OpenAI has looked to hire more research and engineering leadership from rival model developers like Meta Platforms and Google to provide the company with structure as it grows, said one person with knowledge of the situation. But OpenAI may not have the same pull it once did. Access to the massive amounts of computing resources needed to train bleeding-edge models is one area where rivals have a leg up. Even Altman has admitted to some colleagues that he expects Google to hold a computing advantage until sometime next year, when Microsoft will make more chips available, The Information previously reported.
Customers
In the hours after Altman’s firing, OpenAI competitors began using the turmoil to their advantage.

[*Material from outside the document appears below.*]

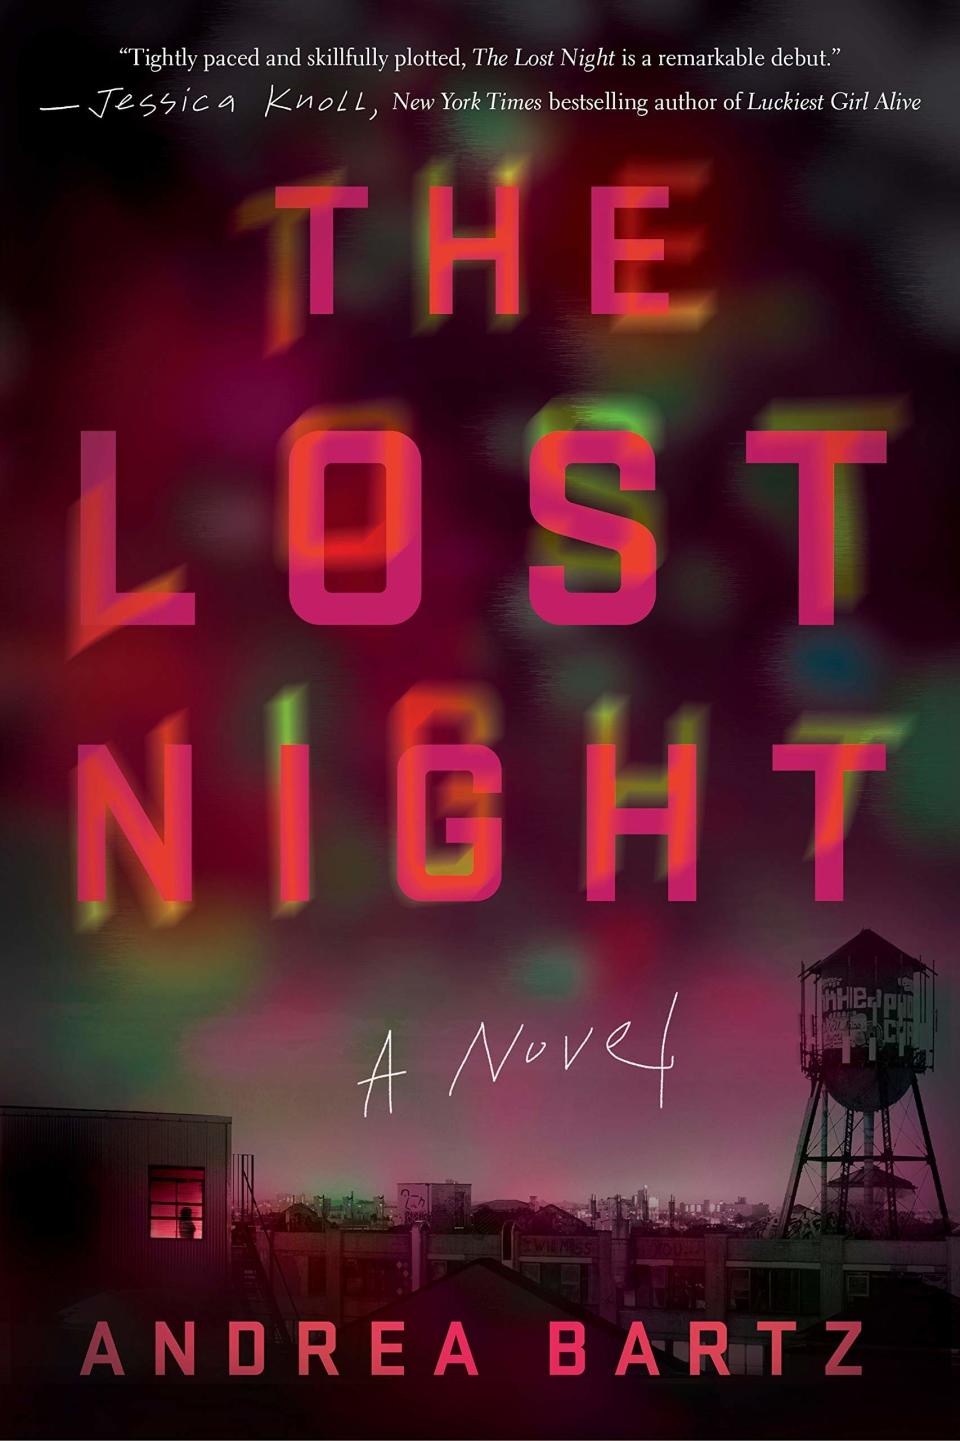 If you couldn't get enough of TBS's <em>Search Party,</em> or more recently Netflix's <em>Russian Doll,</em> pick up a copy of <em>The Lost Night.</em> Much like these two shows, this book also centers on a young woman posing as an amateur detective to solve a murder. Back in 2009 the novel's protagonist, Lindsay, partied with her friends and the queen bee of their group, Edie. After a long night of binge drinking, Lindsay woke up to find Edie dead of an apparent suicide. Now, a decade later, Lindsay discovers new evidence that could prove that Edie was murdered—and that Lindsay might have been involved. The rest of this haunting debut follows Lindsay as she tries to piece together what really happened on that awful, forgotten night.

More than 100 customers reached out to Anthropic over the weekend, according to someone with direct knowledge. Others reached out to Google Cloud and Cohere. Many OpenAI customers were also considering switching to Microsoft’s Azure service, which offers copies of OpenAI models and other models, according to a person familiar with the situation.
While some of these OpenAI customers have previously been in talks with other AI startups, the more recent discussions had focused on Altman’s firing and potential impact it could have on their business. Financial firms specifically expressed their worry that if Altman was ousted over a possible data privacy issue, it could harm their businesses, this person said.
Amazon Web Services set up a dedicated team to work with Anthropic and respond to OpenAI customer inquiries. Over the weekend, AWS and Anthropic discussed how to pitch several OpenAI customers, including Snap, Morgan Stanley and Wall Street trading firm Jane Street.